UNITED NATIONS, Nov 1 () - The United Nations said on Thursday that a peacekeeping official did not reflect U.N. policy in comments accusing New Delhi and Islamabad of playing "political games" over the disputed region of Kashmir.

Statements by Major General Hermann Loidolt, head of the U.N. Military Observer Group in India and Pakistan (UNMOGIP), "did not reflect the views of the Secretary- General (Kofi Annan)," U.N. spokesman Manoel Almeida e Silva said.

Loidolt "has been reminded of the limits of his responsibilities," the spokesman said, explaining that policy statements by staff had to be cleared in advance with U.N. headquarters.

Loidolt, named to the UNMOGIP post earlier this year, made the comments on Monday.

"All of us are aware of the situation in Kashmir and the games both parties are playing with this tormented country," Loidolt said. "There's no easy solution...and war is absolutely no solution for the issue of Kashmir."

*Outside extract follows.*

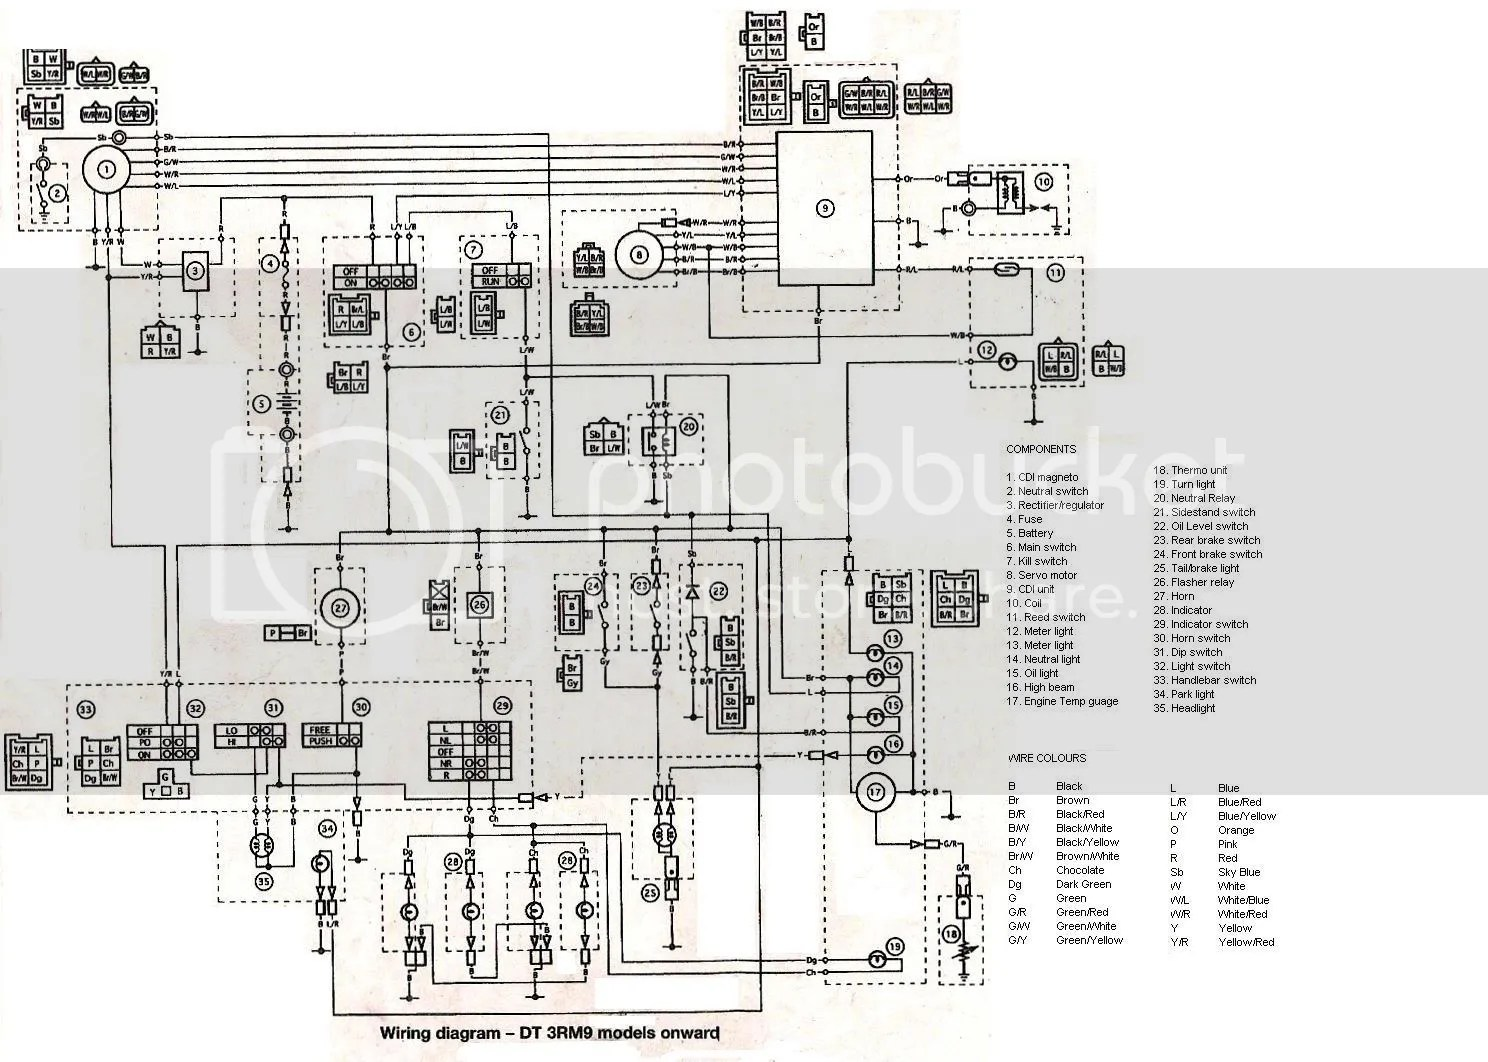 medium resolution of handlebar wiring diagrams general wiring diagram view handlebar wiring diagrams general

He also said Kashmir's fate would be an "issue for the U.S. to solve."

Foreign Ministry spokeswoman Nirupama Rao called Loidolt's comments "totally unwarranted and uncalled for" and said New Delhi would take up the matter with the United Nations.

The only way to resolve the issue of Kashmir, India's only Muslim-majority state, was through bilateral talks with Pakistan, Rao said, adding that India would accept no third-party intervention.

New Delhi claims the whole of Kashmir and has been battling for nearly 12 years to put down a bloody revolt against its rule in Indian-controlled Kashmir.

Indian officials say more than 30,000 people have died in the conflict but separatists put the toll closer to 80,000.

Pakistan, which denies direct involvement in the Kashmir rebellion, says it wants a U.N.-mandated plebiscite to determine the wishes of the Kashmiri people.

India and Pakistan both support the U.S.-led fight against Islamic militants in neighboring Afghanistan but tensions have been mounting between them over guerrilla violence in Kashmir.

UNMOGIP, one of the oldest U.N. missions, monitors a cease-fire line dividing Kashmir between India and Pakistan that was set up in 1949.